* [What you need to do]: Reproduce exactly the line that includes "Vacation Vacay Mode" and all lines after it, ending with the last line of the data.

**** Material for this exercise

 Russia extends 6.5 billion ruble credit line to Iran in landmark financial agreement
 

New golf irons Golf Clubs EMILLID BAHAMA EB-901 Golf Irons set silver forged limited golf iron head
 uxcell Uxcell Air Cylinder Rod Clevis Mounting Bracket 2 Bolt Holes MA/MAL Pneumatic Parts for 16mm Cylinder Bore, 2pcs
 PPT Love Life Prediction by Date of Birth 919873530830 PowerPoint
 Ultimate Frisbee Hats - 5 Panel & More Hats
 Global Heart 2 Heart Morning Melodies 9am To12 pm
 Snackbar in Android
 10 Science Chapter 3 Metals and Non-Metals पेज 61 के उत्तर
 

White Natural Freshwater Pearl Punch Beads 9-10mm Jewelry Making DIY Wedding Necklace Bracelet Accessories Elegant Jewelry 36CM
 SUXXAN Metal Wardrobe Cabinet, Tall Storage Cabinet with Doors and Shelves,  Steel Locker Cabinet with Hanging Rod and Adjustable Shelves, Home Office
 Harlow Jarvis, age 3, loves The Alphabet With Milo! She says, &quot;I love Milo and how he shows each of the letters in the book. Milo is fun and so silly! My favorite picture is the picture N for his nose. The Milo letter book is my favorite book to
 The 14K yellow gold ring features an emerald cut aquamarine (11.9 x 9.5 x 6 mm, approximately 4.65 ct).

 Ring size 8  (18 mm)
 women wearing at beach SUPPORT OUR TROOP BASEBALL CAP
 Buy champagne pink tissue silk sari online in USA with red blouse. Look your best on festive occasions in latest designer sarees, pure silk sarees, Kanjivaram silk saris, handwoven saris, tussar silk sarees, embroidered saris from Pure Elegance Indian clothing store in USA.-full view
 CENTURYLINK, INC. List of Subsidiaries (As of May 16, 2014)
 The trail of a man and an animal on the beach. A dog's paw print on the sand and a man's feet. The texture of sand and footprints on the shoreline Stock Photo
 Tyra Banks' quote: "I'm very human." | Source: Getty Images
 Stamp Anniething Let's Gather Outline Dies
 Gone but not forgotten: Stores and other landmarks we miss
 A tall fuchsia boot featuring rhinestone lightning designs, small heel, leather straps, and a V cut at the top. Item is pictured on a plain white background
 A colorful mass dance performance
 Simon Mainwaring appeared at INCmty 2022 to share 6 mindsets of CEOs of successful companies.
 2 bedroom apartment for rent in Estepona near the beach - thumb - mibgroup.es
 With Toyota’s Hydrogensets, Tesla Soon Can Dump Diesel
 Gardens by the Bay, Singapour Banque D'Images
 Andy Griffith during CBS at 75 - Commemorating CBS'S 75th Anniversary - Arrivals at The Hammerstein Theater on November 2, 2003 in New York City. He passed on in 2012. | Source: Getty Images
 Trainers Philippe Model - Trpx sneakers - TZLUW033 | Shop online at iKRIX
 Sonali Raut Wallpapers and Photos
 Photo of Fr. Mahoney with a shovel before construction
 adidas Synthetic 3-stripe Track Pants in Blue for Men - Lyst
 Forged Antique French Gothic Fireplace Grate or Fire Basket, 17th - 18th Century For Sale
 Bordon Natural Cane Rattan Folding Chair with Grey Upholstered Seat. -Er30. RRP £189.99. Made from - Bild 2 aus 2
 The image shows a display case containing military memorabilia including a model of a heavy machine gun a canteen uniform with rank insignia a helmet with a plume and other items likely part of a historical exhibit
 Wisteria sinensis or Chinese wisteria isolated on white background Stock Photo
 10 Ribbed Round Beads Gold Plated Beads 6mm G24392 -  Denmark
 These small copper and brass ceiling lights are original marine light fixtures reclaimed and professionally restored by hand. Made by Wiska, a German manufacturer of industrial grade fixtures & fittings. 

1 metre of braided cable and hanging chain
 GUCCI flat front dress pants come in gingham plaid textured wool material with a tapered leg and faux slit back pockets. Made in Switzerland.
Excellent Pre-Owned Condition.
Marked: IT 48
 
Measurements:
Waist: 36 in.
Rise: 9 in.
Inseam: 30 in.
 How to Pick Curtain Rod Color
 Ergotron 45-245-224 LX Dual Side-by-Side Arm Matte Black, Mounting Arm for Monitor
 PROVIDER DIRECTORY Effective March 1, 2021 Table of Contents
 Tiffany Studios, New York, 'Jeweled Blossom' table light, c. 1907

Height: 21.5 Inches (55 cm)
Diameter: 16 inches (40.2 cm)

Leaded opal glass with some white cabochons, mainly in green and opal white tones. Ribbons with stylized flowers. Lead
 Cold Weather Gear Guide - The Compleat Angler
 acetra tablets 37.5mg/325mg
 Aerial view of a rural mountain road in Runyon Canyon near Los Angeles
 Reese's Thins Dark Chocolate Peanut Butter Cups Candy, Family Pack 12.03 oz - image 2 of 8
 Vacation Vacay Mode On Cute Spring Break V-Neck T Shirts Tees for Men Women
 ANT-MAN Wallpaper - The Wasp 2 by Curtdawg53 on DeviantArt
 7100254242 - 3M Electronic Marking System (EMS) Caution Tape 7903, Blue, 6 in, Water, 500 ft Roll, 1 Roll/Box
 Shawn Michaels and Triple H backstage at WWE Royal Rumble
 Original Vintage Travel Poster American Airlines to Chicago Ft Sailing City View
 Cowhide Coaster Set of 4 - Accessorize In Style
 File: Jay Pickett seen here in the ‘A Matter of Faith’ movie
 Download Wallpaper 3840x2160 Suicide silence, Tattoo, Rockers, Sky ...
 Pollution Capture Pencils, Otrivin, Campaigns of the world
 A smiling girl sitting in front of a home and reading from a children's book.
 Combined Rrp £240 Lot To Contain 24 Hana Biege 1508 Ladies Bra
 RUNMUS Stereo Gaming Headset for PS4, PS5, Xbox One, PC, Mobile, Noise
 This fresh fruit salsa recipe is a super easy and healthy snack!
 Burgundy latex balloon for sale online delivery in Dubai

********

* [Task result]:
 Vacation Vacay Mode On Cute Spring Break V-Neck T Shirts Tees for Men Women
 ANT-MAN Wallpaper - The Wasp 2 by Curtdawg53 on DeviantArt
 7100254242 - 3M Electronic Marking System (EMS) Caution Tape 7903, Blue, 6 in, Water, 500 ft Roll, 1 Roll/Box
 Shawn Michaels and Triple H backstage at WWE Royal Rumble
 Original Vintage Travel Poster American Airlines to Chicago Ft Sailing City View
 Cowhide Coaster Set of 4 - Accessorize In Style
 File: Jay Pickett seen here in the ‘A Matter of Faith’ movie
 Download Wallpaper 3840x2160 Suicide silence, Tattoo, Rockers, Sky ...
 Pollution Capture Pencils, Otrivin, Campaigns of the world
 A smiling girl sitting in front of a home and reading from a children's book.
 Combined Rrp £240 Lot To Contain 24 Hana Biege 1508 Ladies Bra
 RUNMUS Stereo Gaming Headset for PS4, PS5, Xbox One, PC, Mobile, Noise
 This fresh fruit salsa recipe is a super easy and healthy snack!
 Burgundy latex balloon for sale online delivery in Dubai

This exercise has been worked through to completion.